=== Try it ===
From the listing below, please restate exactly the lines beginning at the one with "Молодіжний чоловічий піджак" and ending at the one with "Bremsbelagsatz, Hinterachse für", both included, and skip the pictures.

=== Task input ===

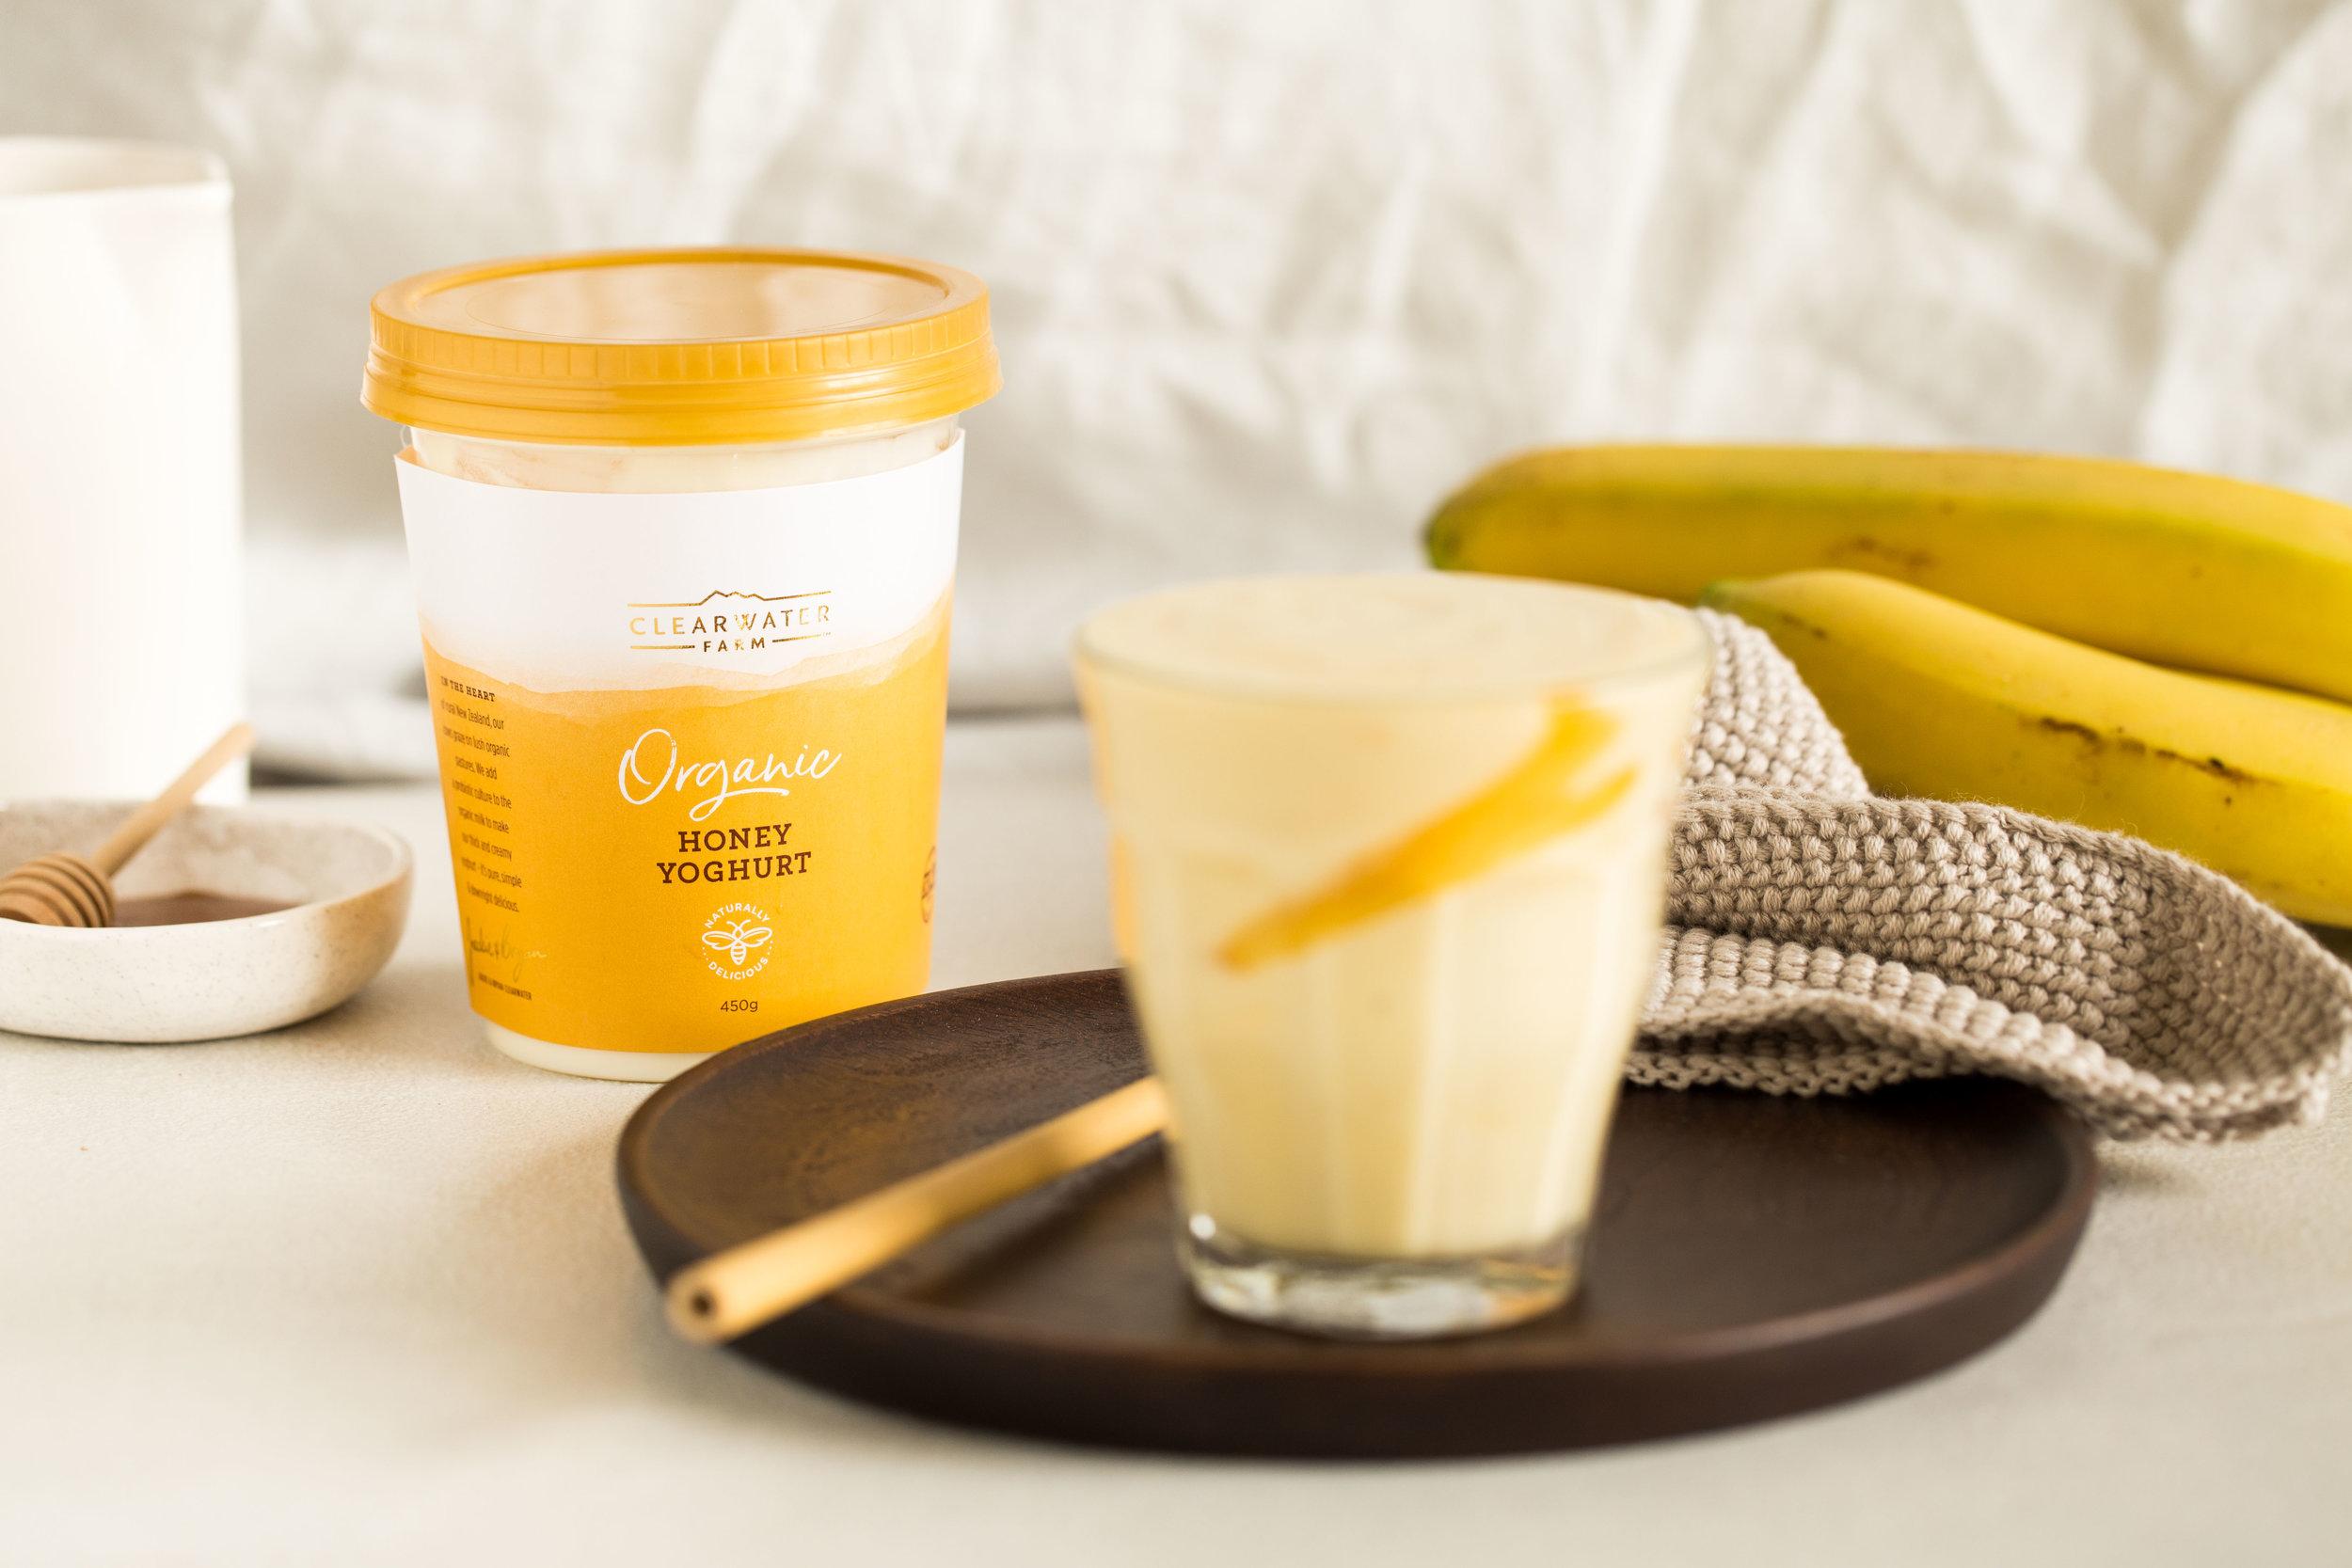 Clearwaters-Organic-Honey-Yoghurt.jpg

---

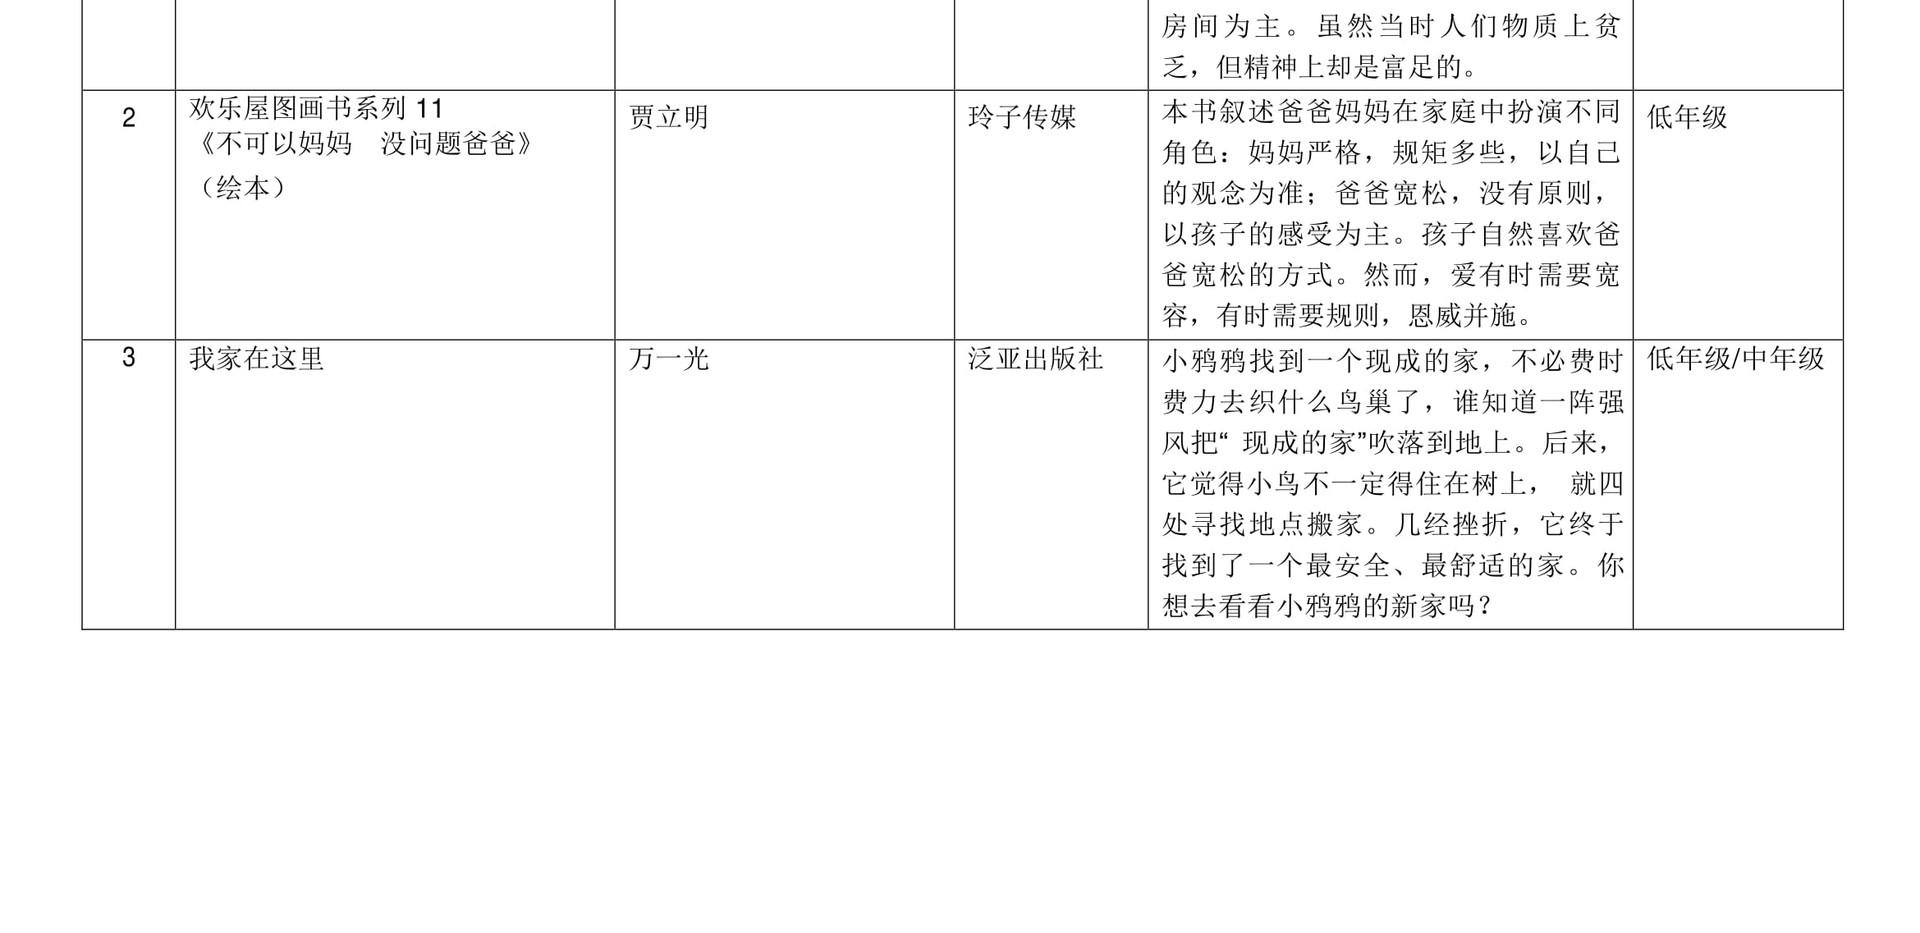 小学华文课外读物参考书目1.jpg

==

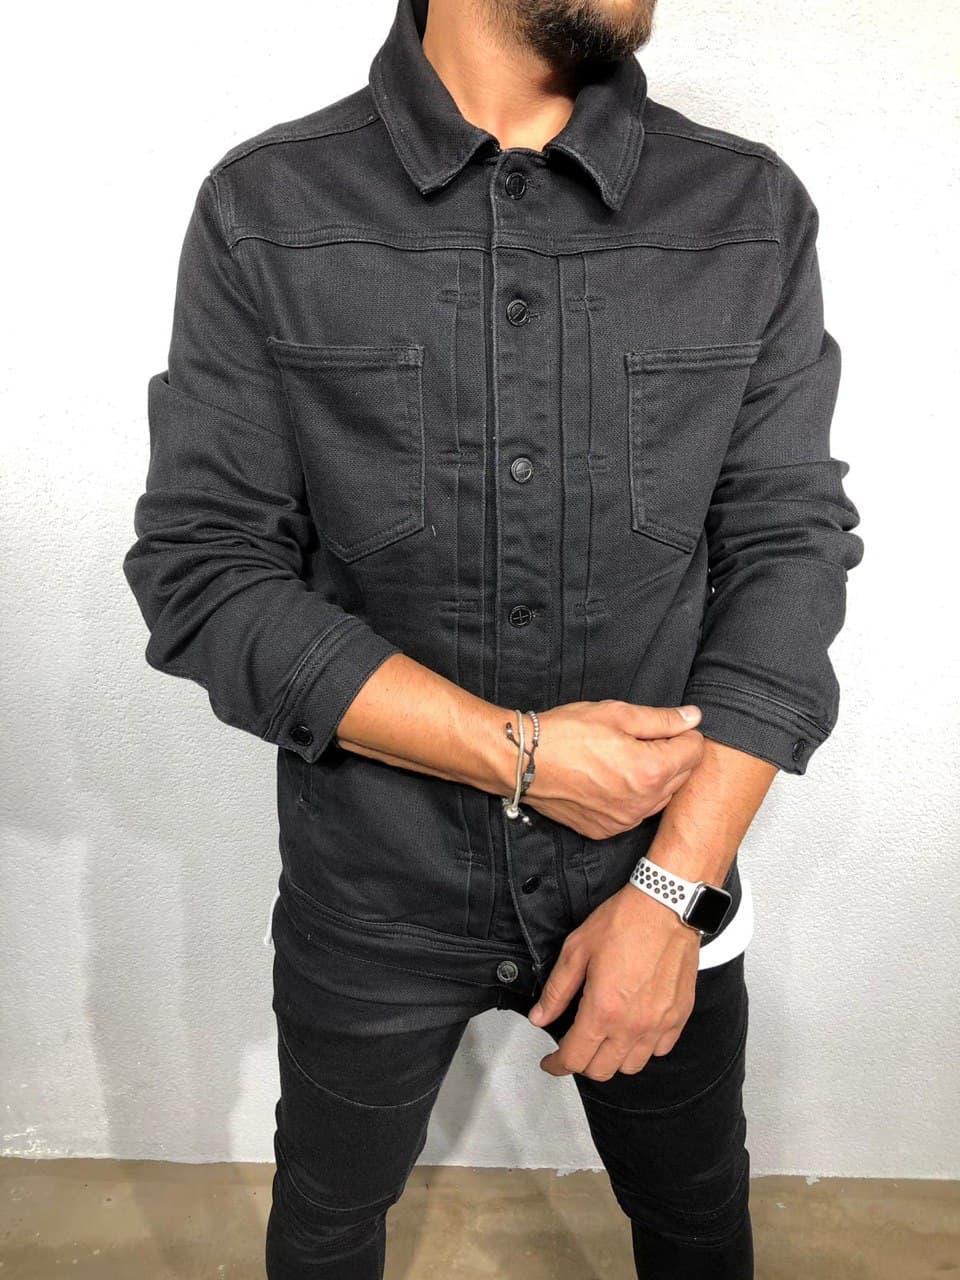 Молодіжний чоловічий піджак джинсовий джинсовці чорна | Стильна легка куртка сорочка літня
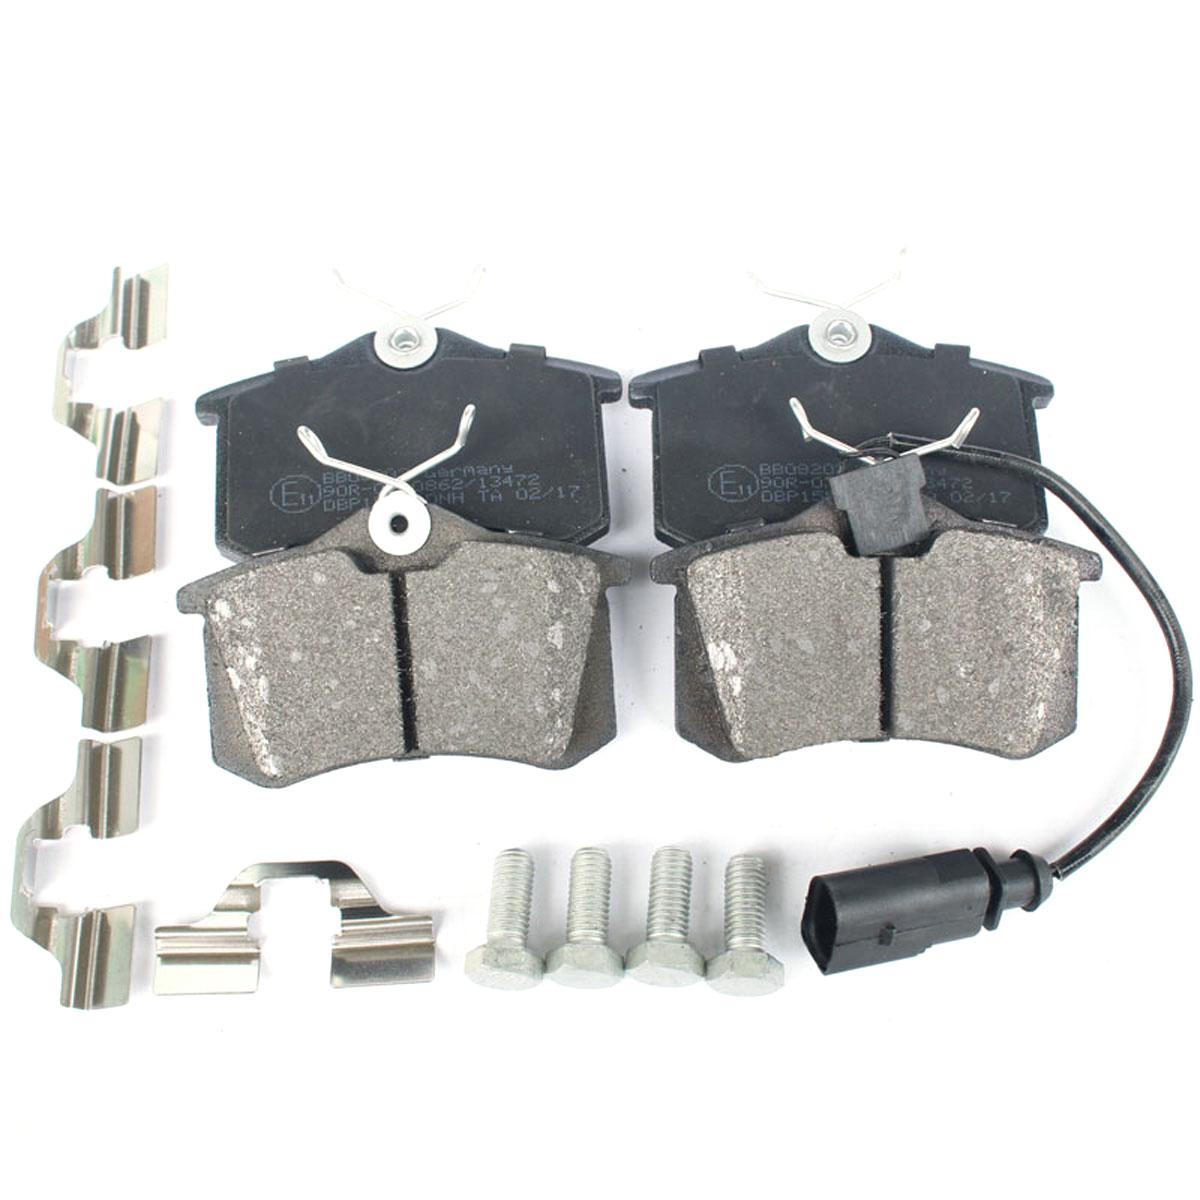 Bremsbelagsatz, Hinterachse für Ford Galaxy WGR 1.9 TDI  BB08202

=== Response for this exercise ===
 Молодіжний чоловічий піджак джинсовий джинсовці чорна | Стильна легка куртка сорочка літня
 Bremsbelagsatz, Hinterachse für Ford Galaxy WGR 1.9 TDI  BB08202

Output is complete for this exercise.